Both the section which became § 14 Third and the section which became § 15, as originally proposed, used the language “discriminating or unfair.” H. R. 17328, 63d Cong., 2d Sess. The bill which became the Shipping Act, H. R. 15455, 64th Cong., 1st Sess., substituted “unjustly discriminatory or unfair” in § 15 but left untouched “discriminating or unfair” in § 14 Third.
The Board estimated that Isbrandtsen would lose approximately two-thirds of its 1952 volume. “. . . [I]t [is] probable that Is-brandtsen will retain 10 percent or more of the cargo moving in the trade as against the 26 percent carried by it in 1952 . . . .” 4 F. M. B. 706, 737, 1956 Am. Mar. Cas. 414, 451.

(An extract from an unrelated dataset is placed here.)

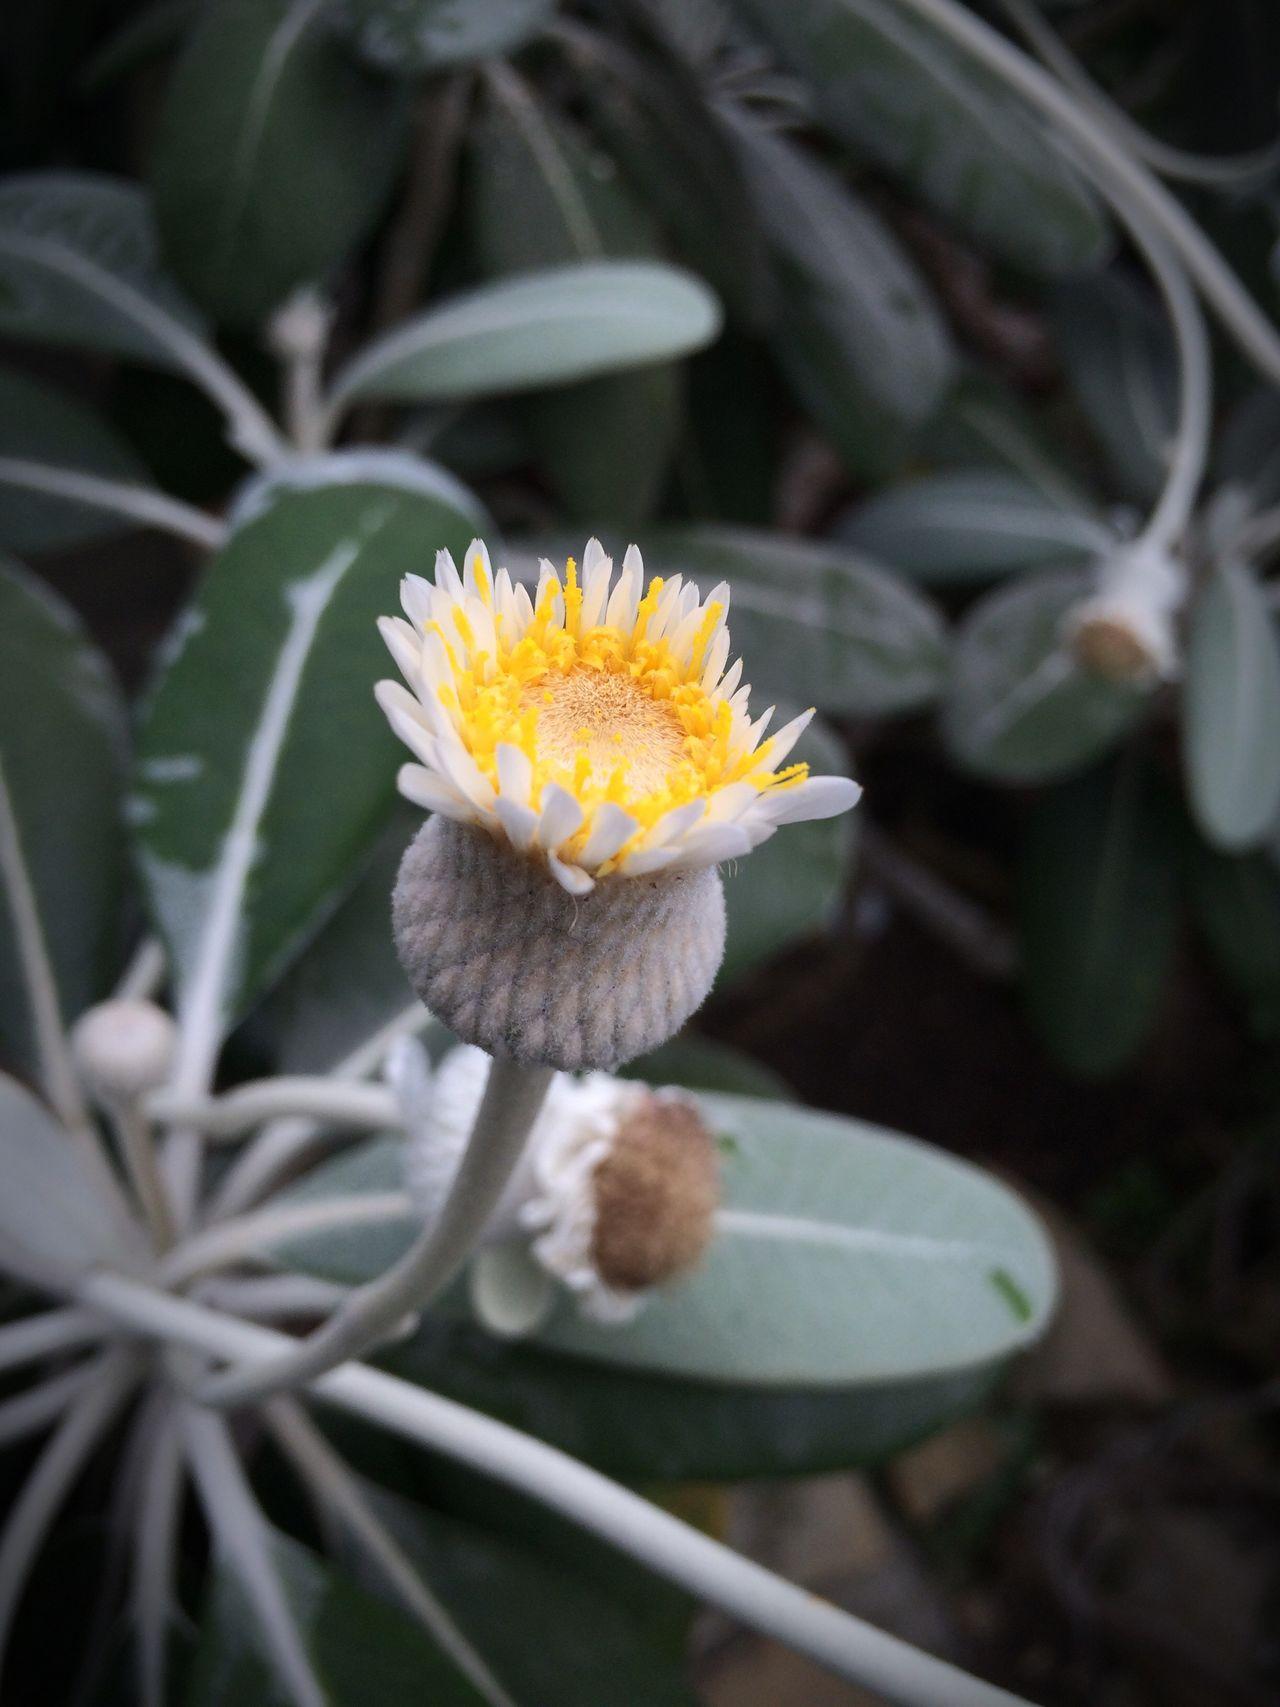 Flower Blossom Plant Nature Blooming Flower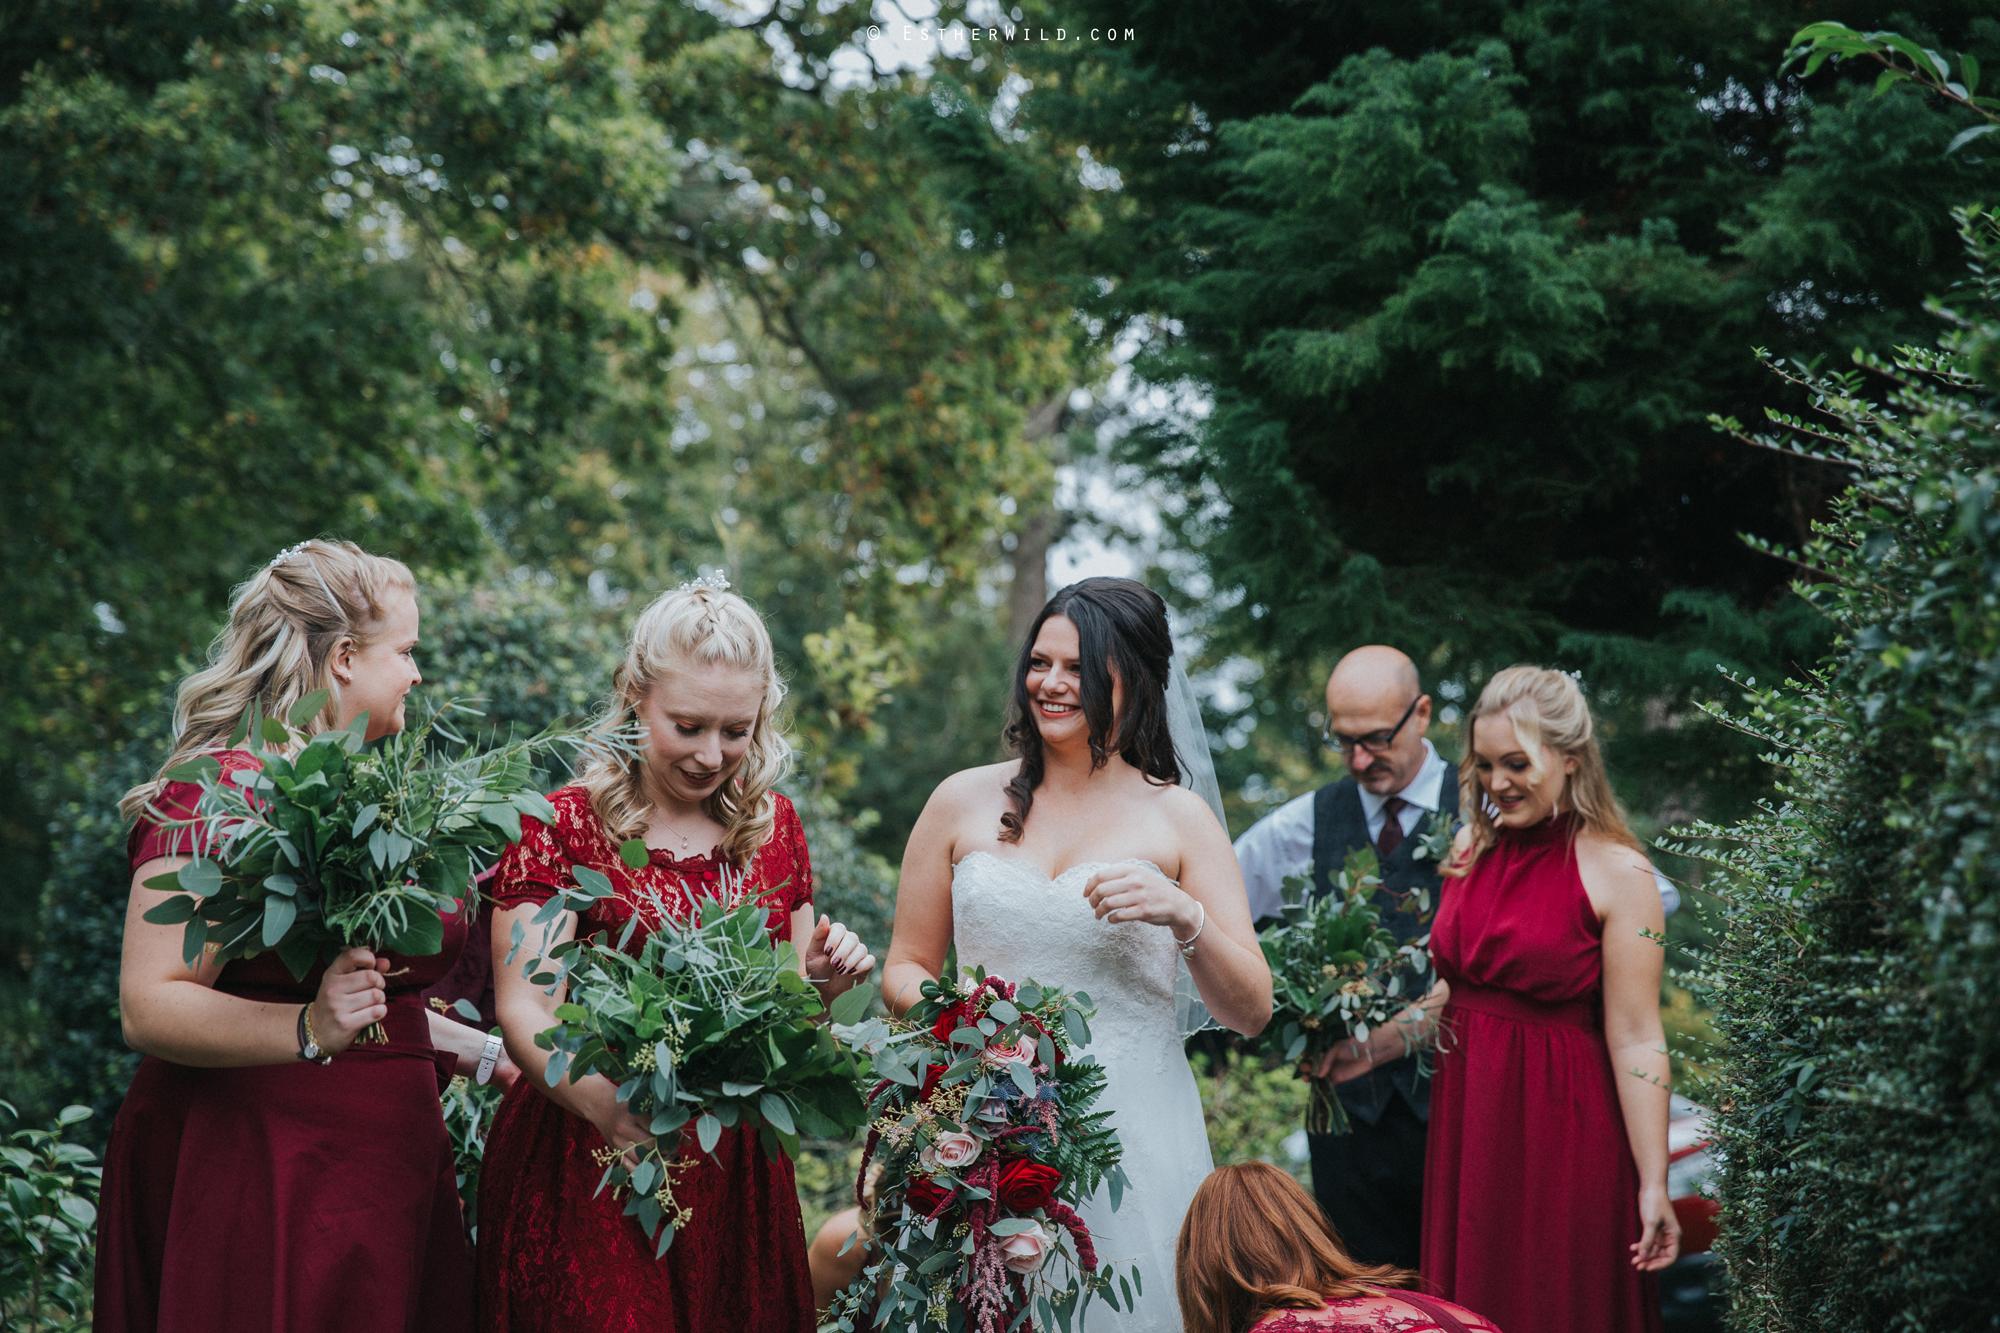 Reading_Room_Weddings_Alby_Norwich_Photographer_Esther_Wild_IMG_0802.jpg

The Court of Appeals made a partial application of the rule of ejusdem generis and related the “resort to” clause to retaliation, holding the dual-rate contract or suit was retaliatory and within the ban of the section. The Board urges that the Court of Appeals *496did not carry the rule of ejusdem generis far enough, that by carrying the rule “a hand’s breadth farther” and also relating- — and limiting— the “resort to” clause to the refusal of space accommodations and similar services to shippers, the dual-rate contract falls without the prohibition because the contract is concerned only with charges for services and not with denial of services. We do not believe that these constructions can be reconciled with the language of the statute or the scope of the congressional plan.
Certainly it must be assumed that the Court would refrain from settling sub silentio an issue of such obvious importance and difficulty plainly requiring a clearly expressed disposition.
Petitioners’ reliance on Swayne & Hoyt, Ltd., v. United States, 300 U. S. 297, is similarly misplaced. In that case the Court upheld the administrative determination that a dual-rate system gave an “undue or unreasonable preference or advantage” under § 16 of the Shipping Act. Because the Court sustained the finding as supported by substantial evidence it did not need to reach the more contentious problem of whether that particular contract was illegal under § 14 Third.
Compare, e. g., Eden Mining Co. v. Bluefields Fruit & S. S. Co., 1 U. S. S. B. 41, and Contract Routing Restrictions, 2 U. S. M. C. 220, 226-227, with W. T. Rawleigh Co. v. Stoomvart, 1 U. S. S. B. 285, 290.